Patrick and his company have had long experience of dealing with most companies' natural diffidence about email outsourcing, so he takes a much more conciliatory line than my own provocatively combative approach to such matters. But what struck me most about what he put down was his final point, so I'm going start there and then work back, because I think it underlines the way this argument is dominated by perceptions and prejudices rather than hard facts (I've added emphasis to some of his words):
"Amazingly, every company we talk to has a TCO for their messaging system that is far below the industry average, and uptime that is far above the industry average! I don't mean to poke fun, but it's become blatantly obvious to me that most companies do not understand the true, hard costs of their messaging systems, nor do they accurately measure their downtime. We assist companies in calculating these numbers, and they are often shocked by what they discover."

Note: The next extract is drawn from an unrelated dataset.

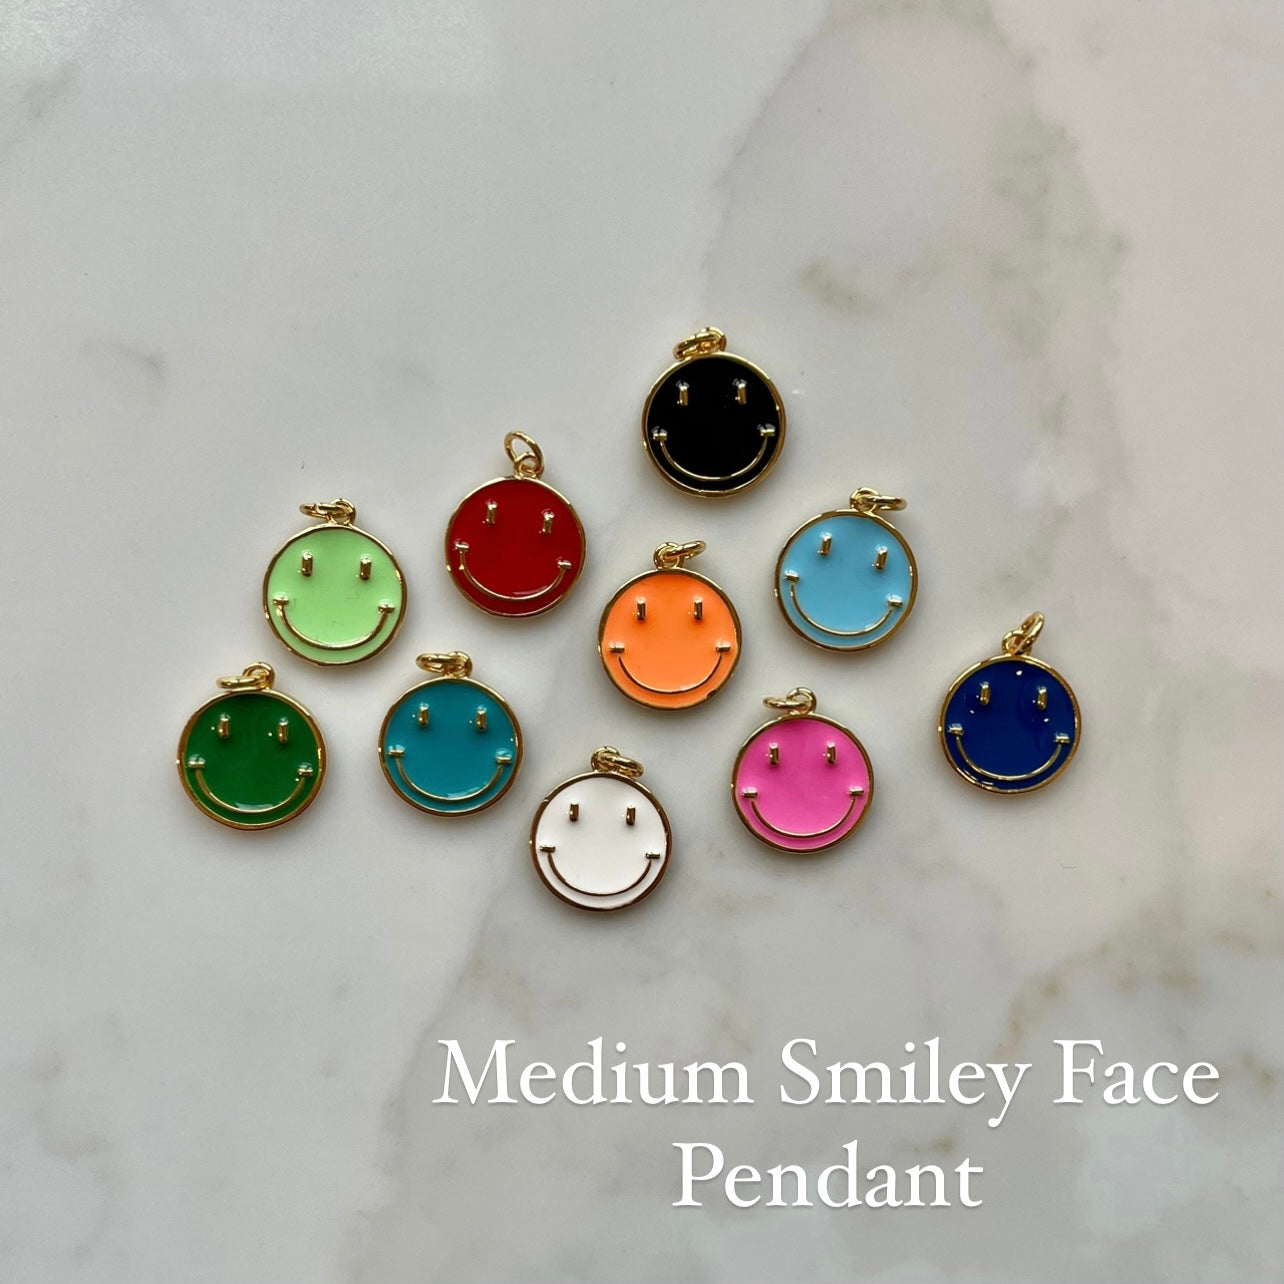 Medium Smiley Face Pendant for the Necklace Kit

He goes on to add that the point of outsourcing isn't usually to save money, but to improve the performance and reliability of email:
"Outsourcing is not usually an enormous cost savings, but it is predictable, which is often a benefit (and it should be at least roughly equivalent to your internal costs, not significantly higher.) Also, outsourcing can deliver an improvement in reliability and performance, especially if you're on an older, trouble-prone system, or if resources are hard to come by."
He prefaced these comments with a balanced assessment of the factors to be taken into account when weighing up whether or not to outsource email:
"There are many reasons to consider outsourcing a messaging system, but in my opinion, there is no silver bullet to this, no one item that says, 'You absolutely MUST outsource your messaging!' Rather, it's how your organization weighs several different factors:
- The mission-critical nature of email
- The availability and cost of talented email administrators in your geographic region
- Your overall IT budget and project calendar
- The required feature-set
- Integration with other systems
- Regulatory requirements impacting email
"I disagree with some previous posters in whether or not a company should consider outsourcing a truly mission-critical system, but it must be in balance with the other issues listed above. Email has become mission critical for most companies, just like the phone system and an Internet connection, but like these other systems it is NOT a core business function of the company; rather, it is an infrastructure service. This should put messaging on the top of the list of systems that should be considered for outsourcing."